To obtain a health registration for a new medical device, or a renewal of the registration or a modification, both technical and legal requirements must be met; Invima's intention with this circular is to unify the criteria and provide greater clarity to the guidelines.
Some of the guidelines, on which this circular makes clear are:
Procedure for the authorization of the parts, components, accessories or spare parts of biomedical equipment
Apostille and legalization of free sale certificates (CVL)
Some aspects related to the inclusion of references
Required technical documents
There is a risk of an adverse event occurring when parts, components, accessories or spare parts are used that have not been designed and approved by the manufacturer of the biomedical equipment. For this reason, they must be covered by a Sanitary Registry or Marketing Permit.

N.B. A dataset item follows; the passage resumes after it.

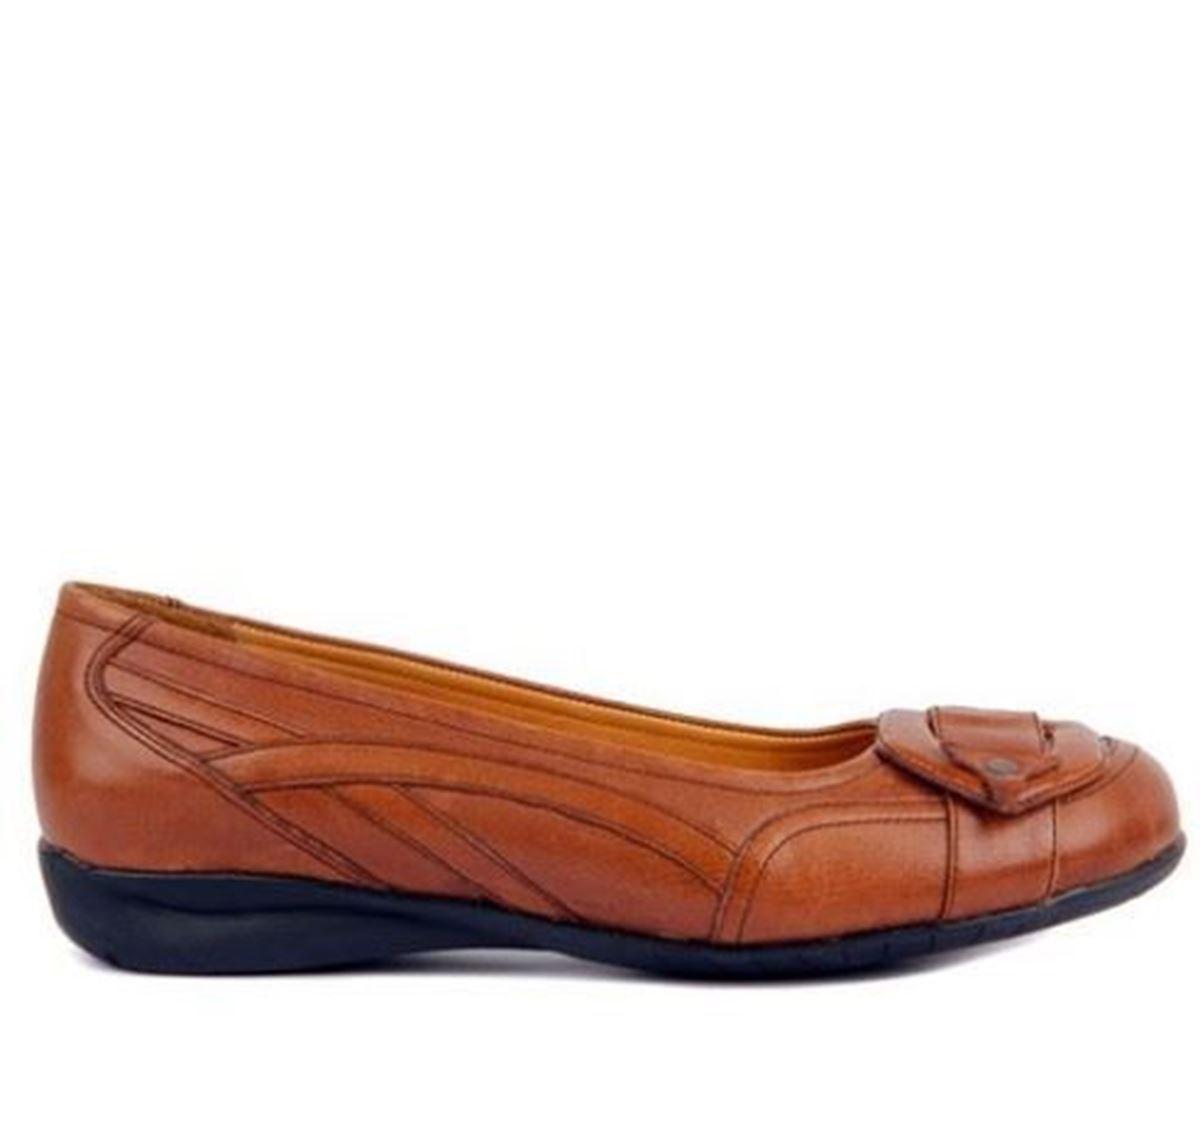 King Paolo - Taba Rengi Comfort Kadın Günlük Ayakkabı resmi

There are 3 situations in which the parts, components, accessories or spare parts are included in the Sanitary Registry and/or Marketing Permit of a biomedical equipment:
Situation | Comment |
When the inclusion of parts or spare parts is not explicitly filled out in the request | En este caso en el acto administrativo que se expida llevará la observación: "ESTE REGISTRO SANITARIO y/o PERMISO DE COMERCIALIZACIÓN AMPARA LOS ACCESORIOS Y REPUESTOS EXCLUSIVOS DEL EQUIPO" |
When the parts or subsystems of the equipment are completed in the application | Only those parts or subsystems will be included. |
When a list is attached in which the accessories, consumables and exclusive spare parts of the equipment are listed | These will appear in detail within the approval resolution of the Registry, regardless of whether they are manufactured by a third party for the manufacturer of the biomedical equipment. |
It is not necessary that all the parts, accessories or spare parts be explicitly described in the Sanitary Registry and/or Marketing Permit of a biomedical equipment.
The registration holder must report in the application the legal or responsible manufacturers of the equipment that appear on the labels.